*What the task asks*:
Pictures in the data below are not part of the copy; transcribe everything else exactly.
[Opening Data extract section]
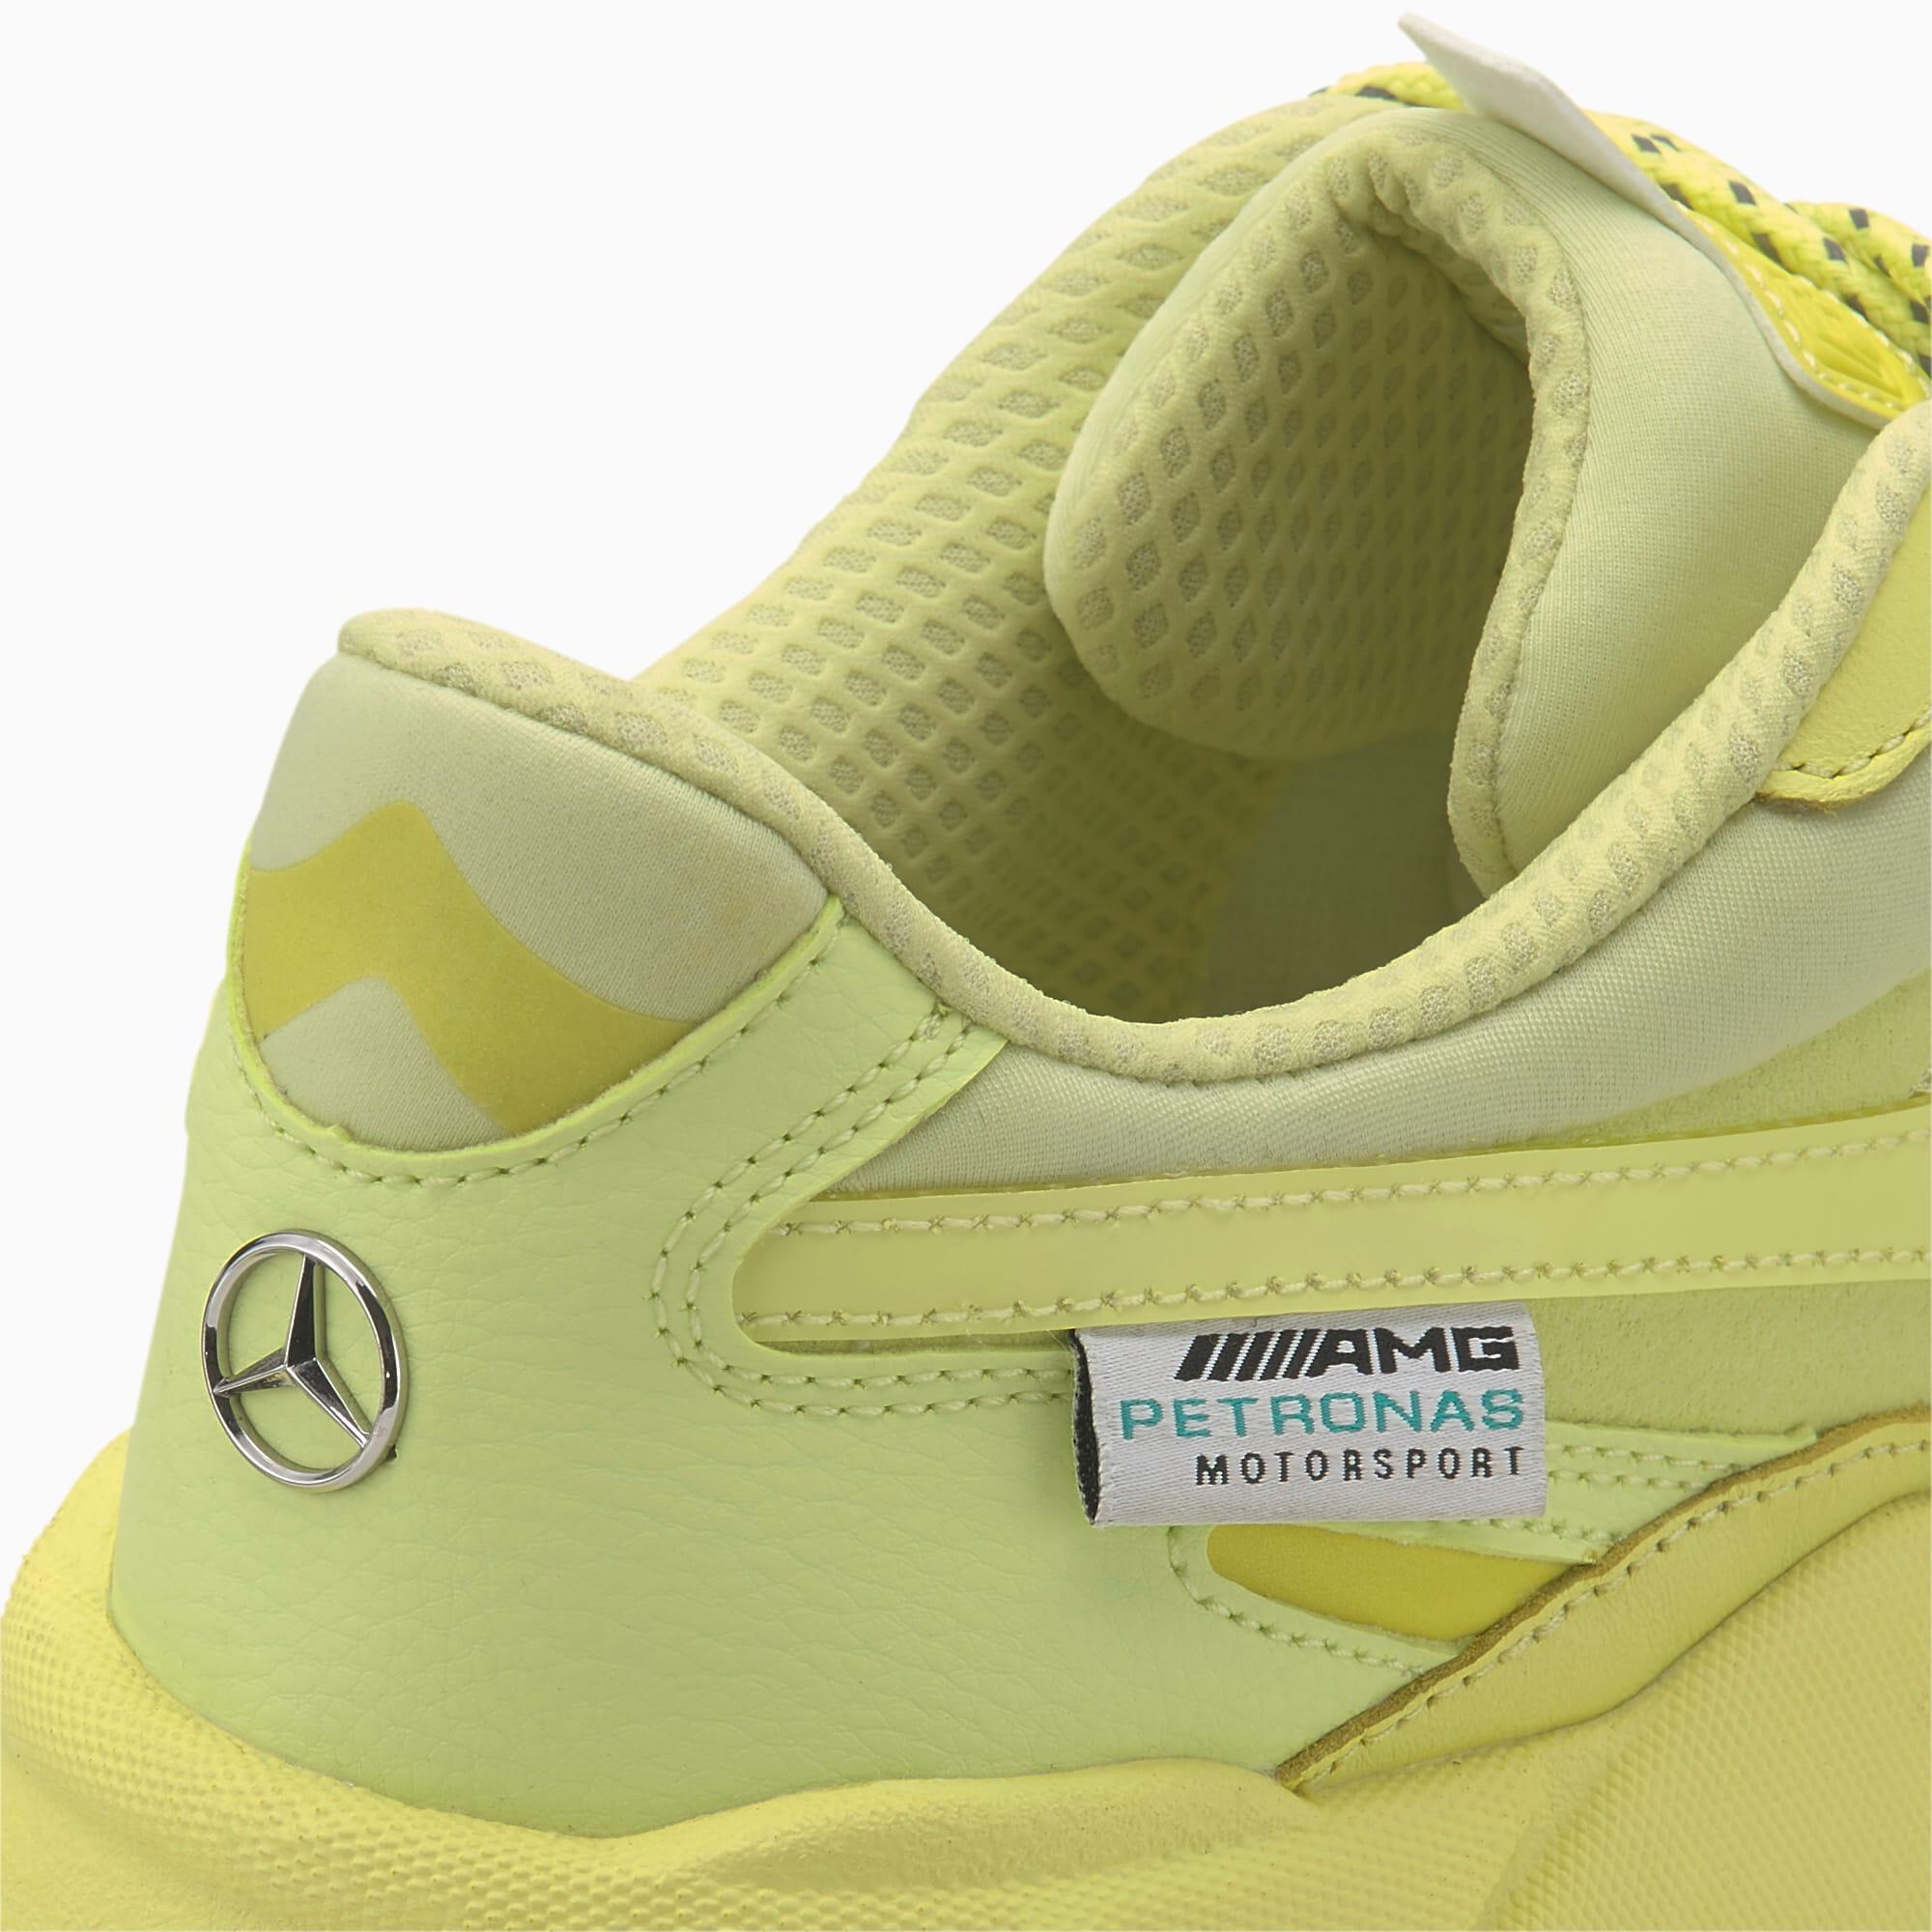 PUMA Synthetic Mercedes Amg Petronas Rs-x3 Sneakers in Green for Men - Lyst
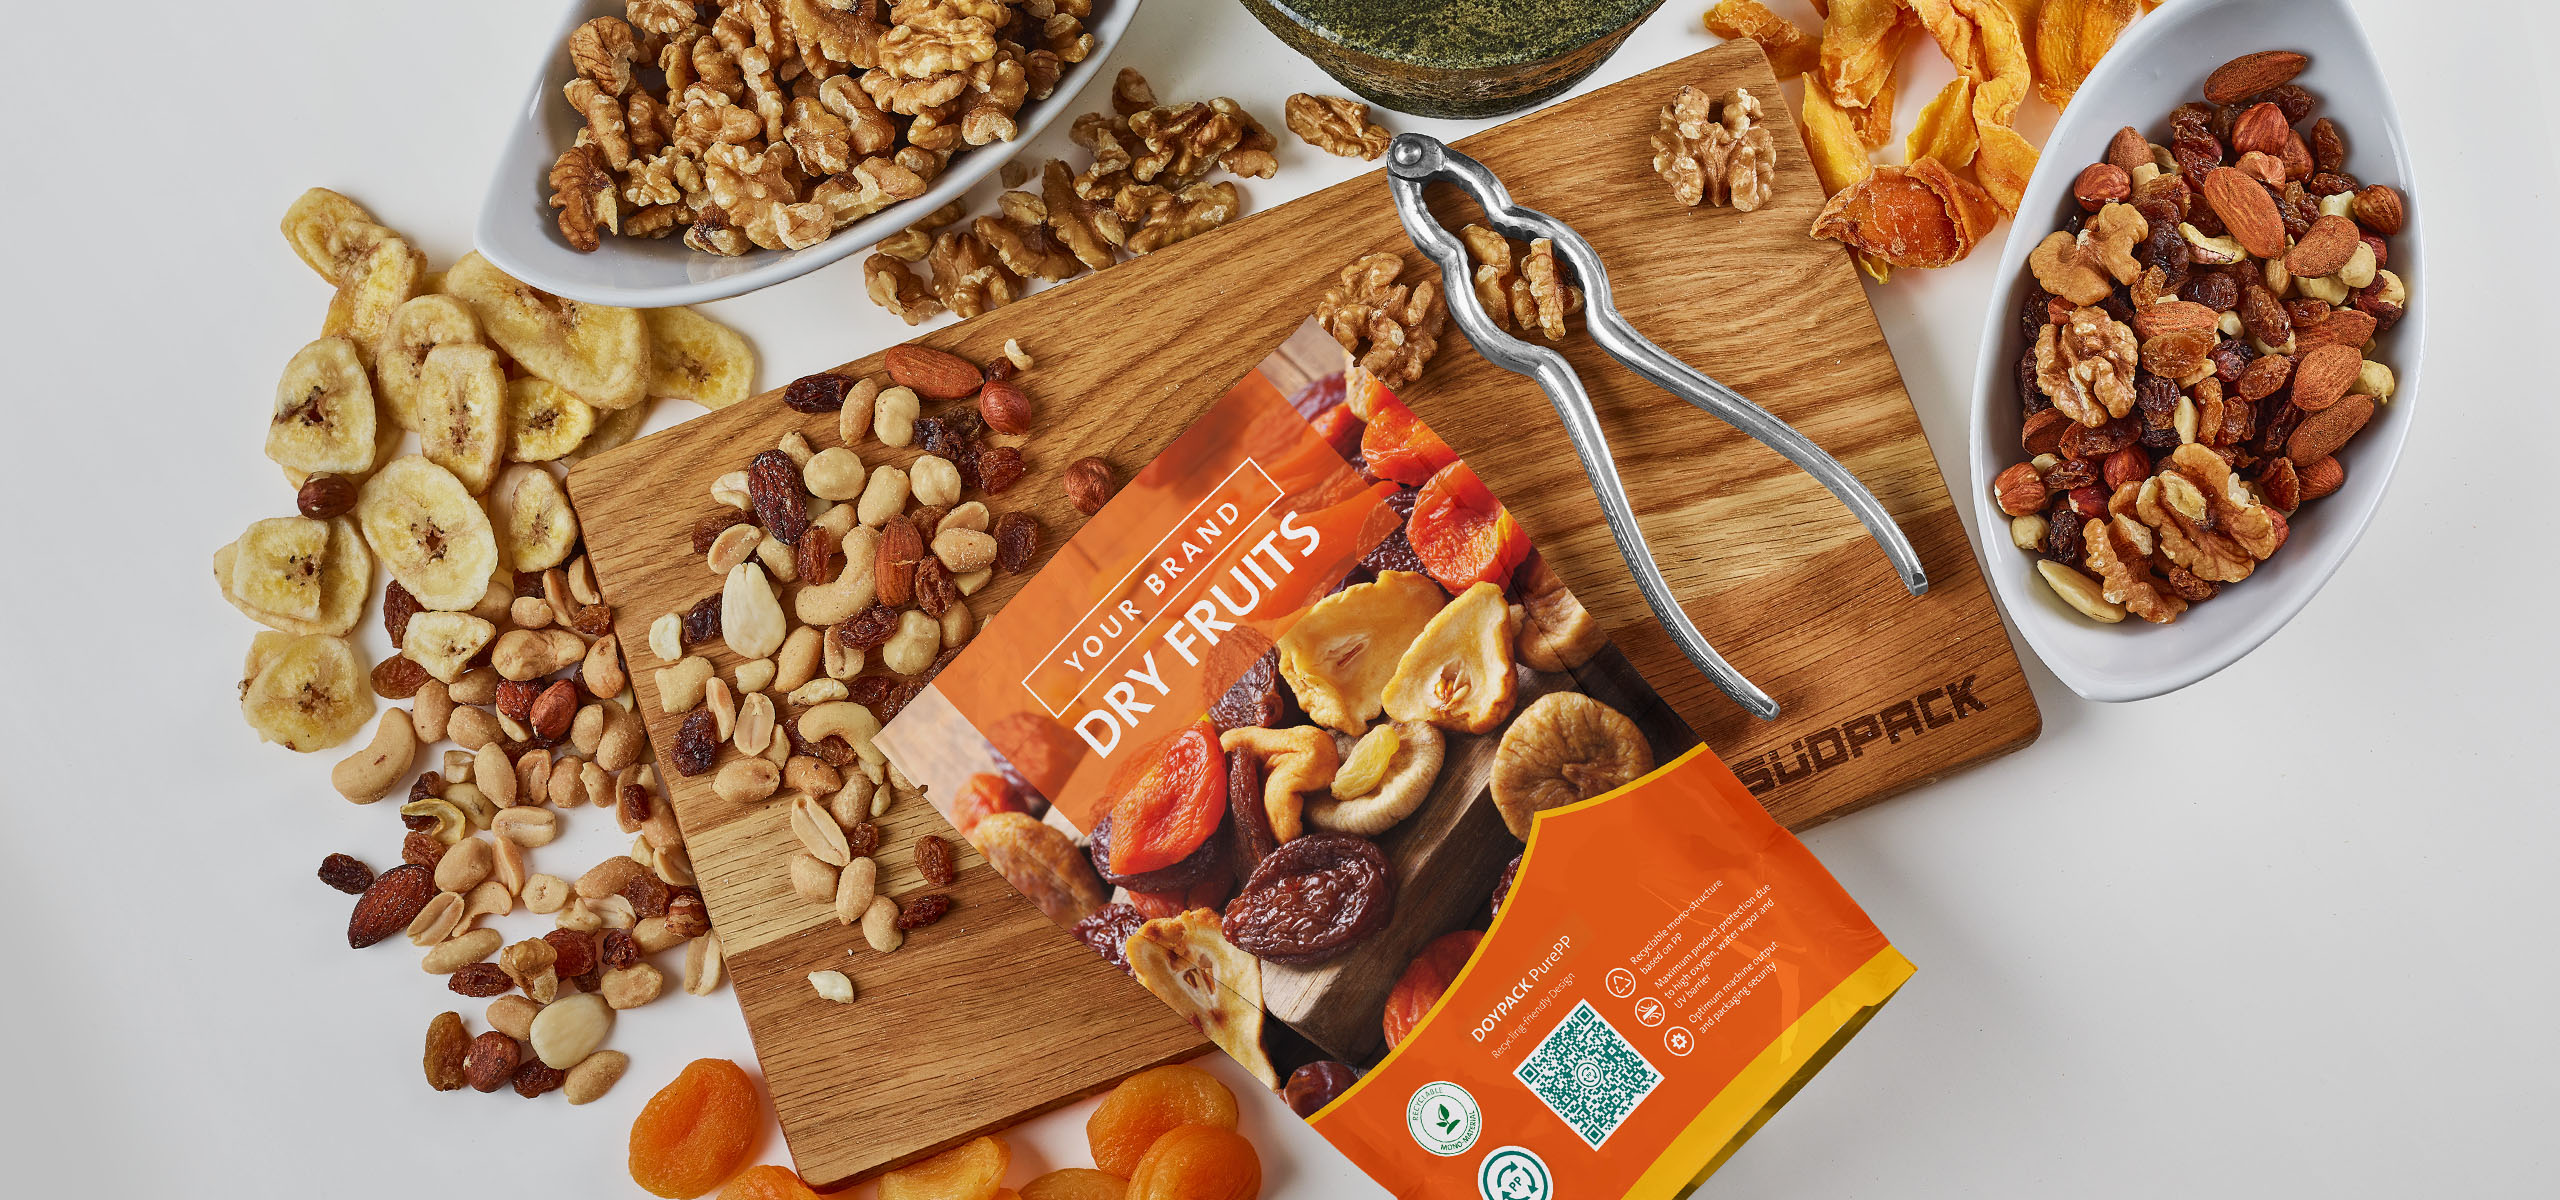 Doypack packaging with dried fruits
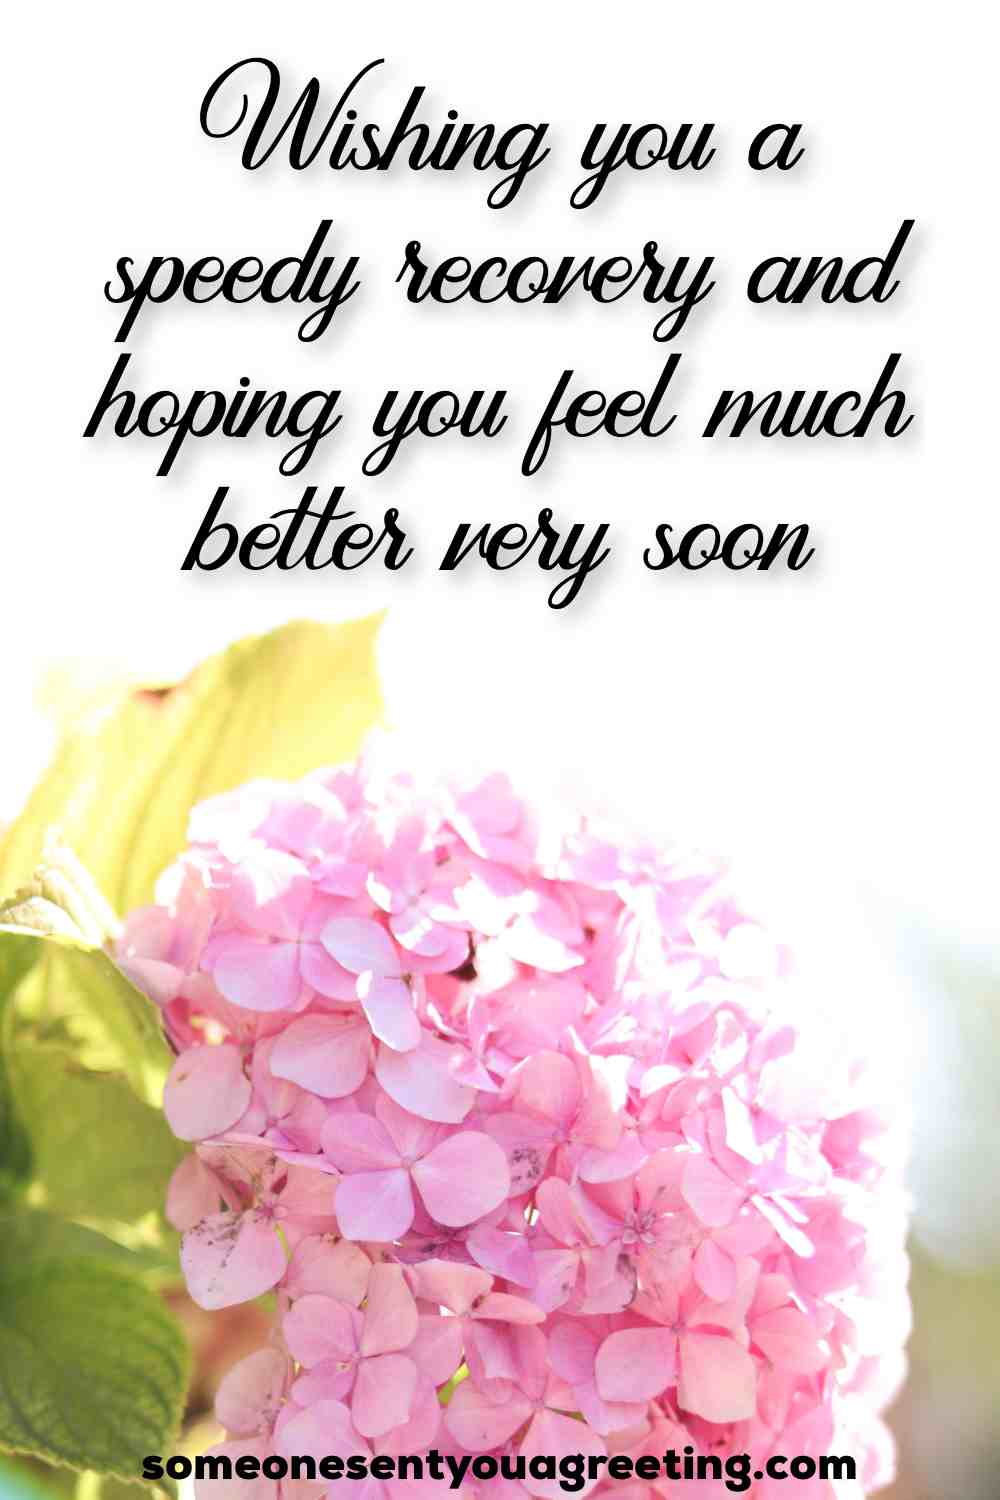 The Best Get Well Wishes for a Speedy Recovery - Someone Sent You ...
[Closing Data extract section]
*Result below*:
 PUMA Synthetic Mercedes Amg Petronas Rs-x3 Sneakers in Green for Men - Lyst
 Doypack packaging with dried fruits
 The Best Get Well Wishes for a Speedy Recovery - Someone Sent You ...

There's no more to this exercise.